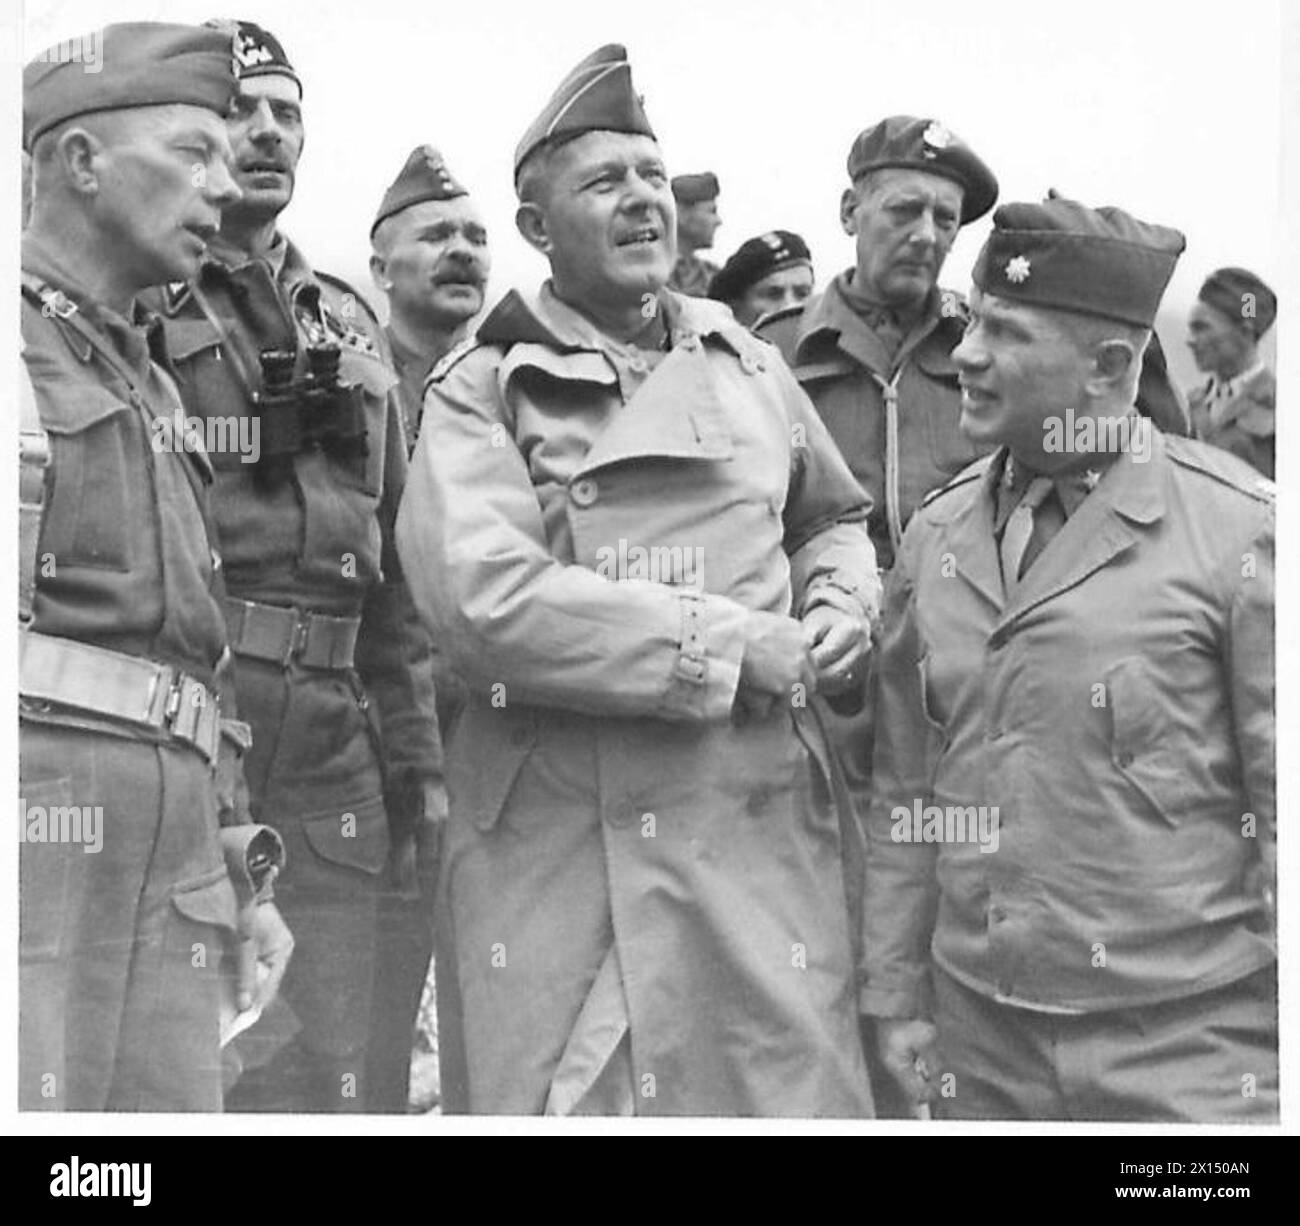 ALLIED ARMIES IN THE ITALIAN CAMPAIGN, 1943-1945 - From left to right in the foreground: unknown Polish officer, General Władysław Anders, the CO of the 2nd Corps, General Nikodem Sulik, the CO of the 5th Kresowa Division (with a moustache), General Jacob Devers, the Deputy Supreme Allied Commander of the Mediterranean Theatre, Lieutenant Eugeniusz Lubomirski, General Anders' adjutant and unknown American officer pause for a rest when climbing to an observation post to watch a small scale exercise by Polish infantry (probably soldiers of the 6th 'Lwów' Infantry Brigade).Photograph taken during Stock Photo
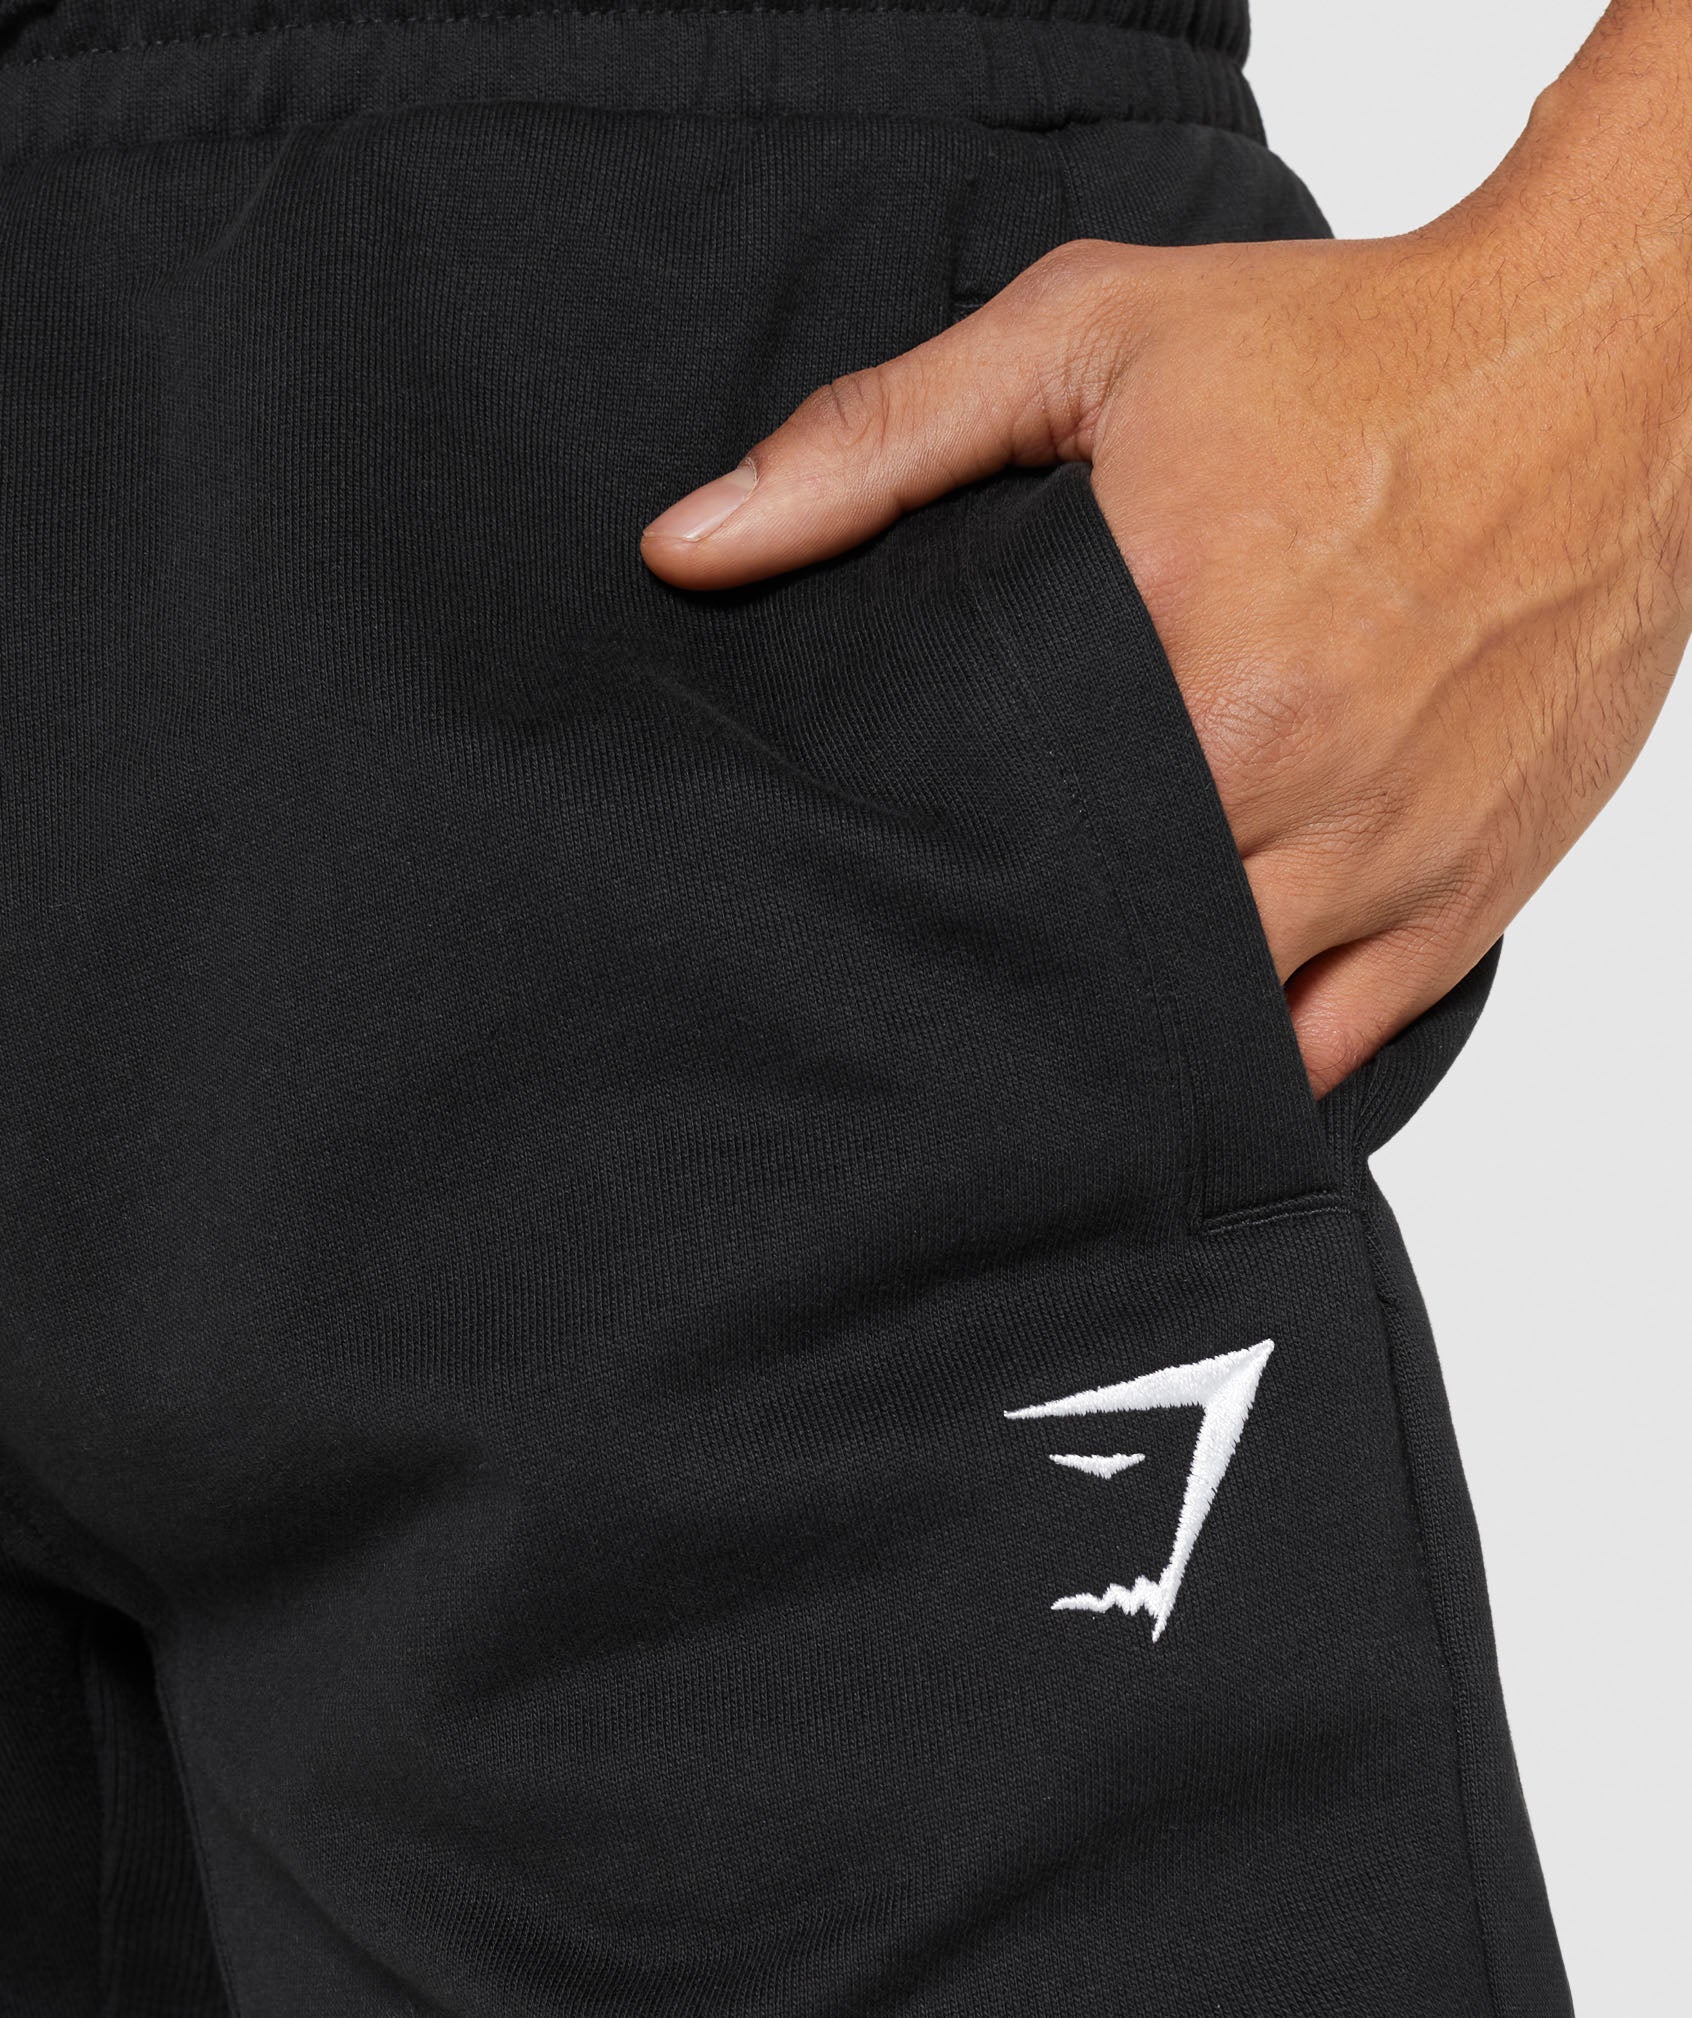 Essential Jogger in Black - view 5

__________

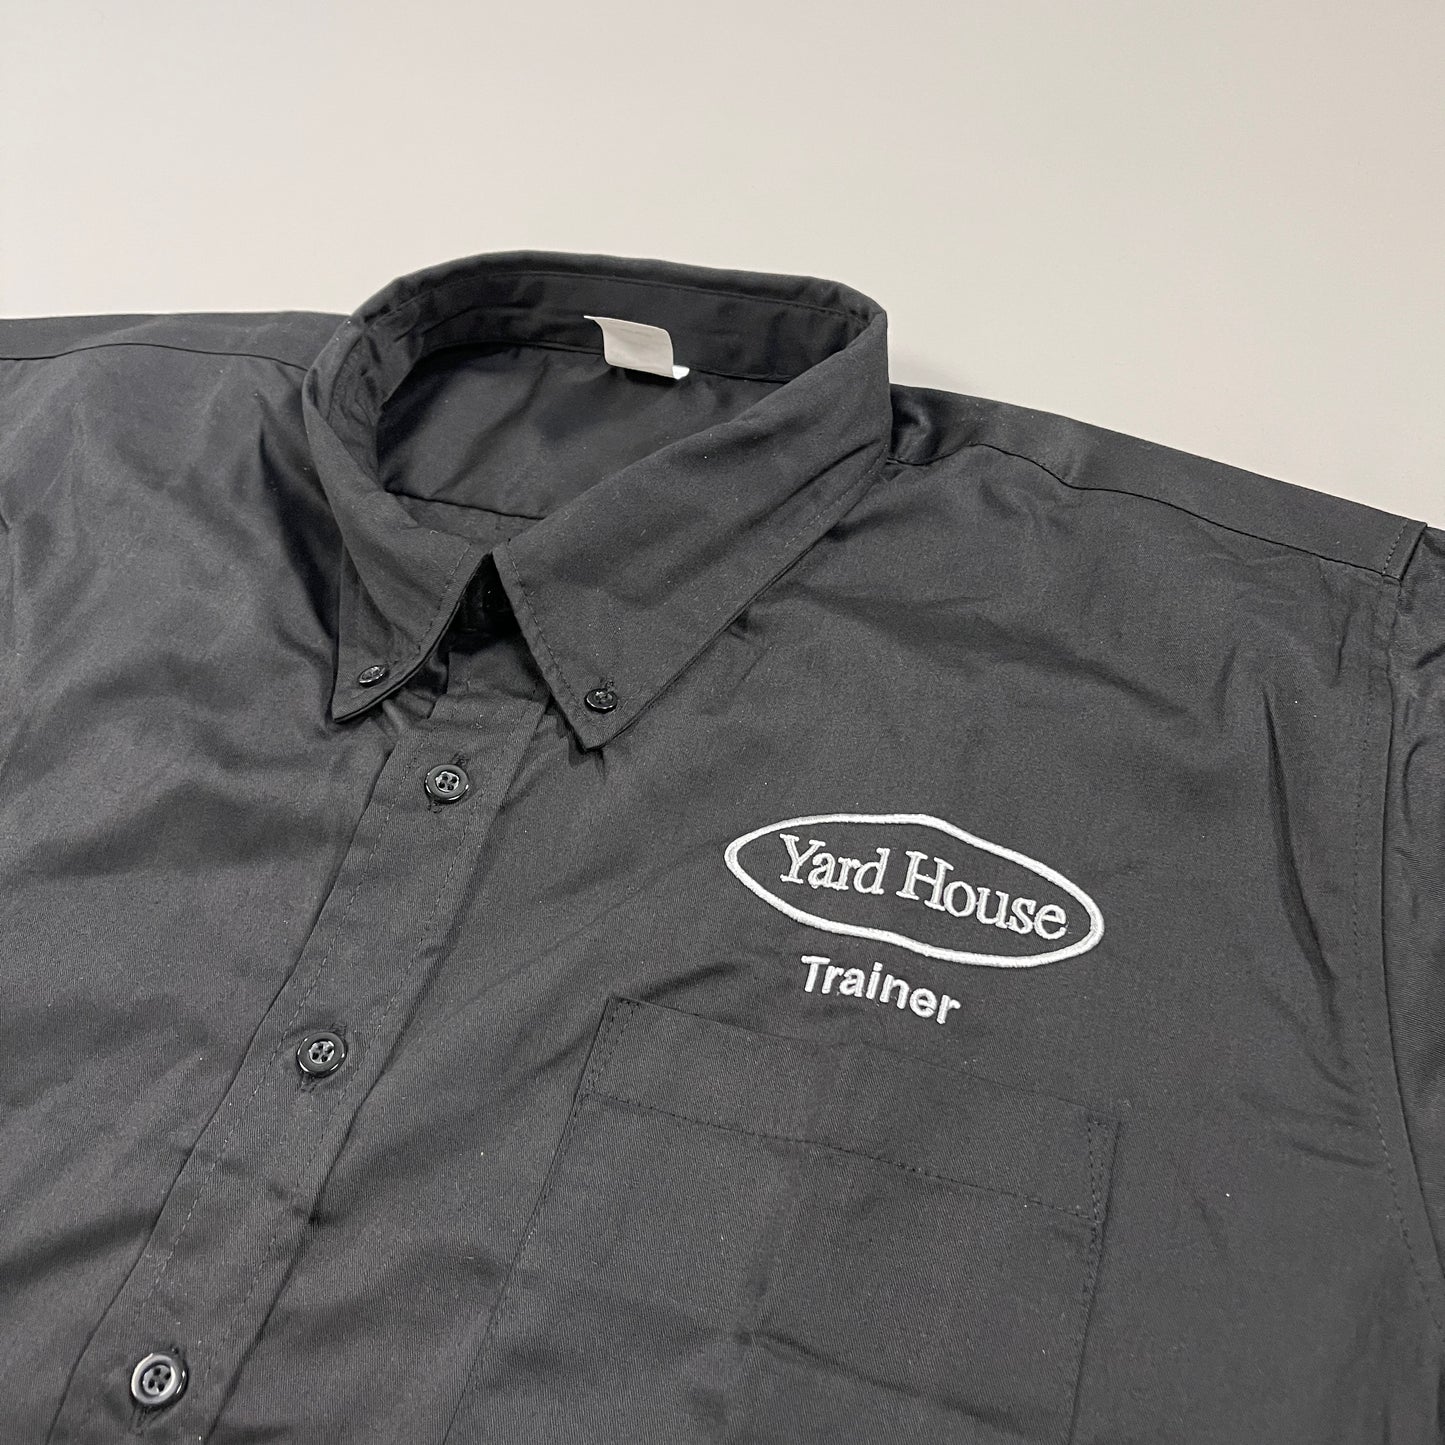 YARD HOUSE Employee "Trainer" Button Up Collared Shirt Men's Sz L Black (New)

__________

REQUIRED ACTION
Give the lines above again exactly, from the one containing "ALLIED ARMIES IN" to the one containing "Essential Jogger in Black - view 5", both included, but leave out the pictures.

SOLUTION
 ALLIED ARMIES IN THE ITALIAN CAMPAIGN, 1943-1945 - From left to right in the foreground: unknown Polish officer, General Władysław Anders, the CO of the 2nd Corps, General Nikodem Sulik, the CO of the 5th Kresowa Division (with a moustache), General Jacob Devers, the Deputy Supreme Allied Commander of the Mediterranean Theatre, Lieutenant Eugeniusz Lubomirski, General Anders' adjutant and unknown American officer pause for a rest when climbing to an observation post to watch a small scale exercise by Polish infantry (probably soldiers of the 6th 'Lwów' Infantry Brigade).Photograph taken during Stock Photo
 Essential Jogger in Black - view 5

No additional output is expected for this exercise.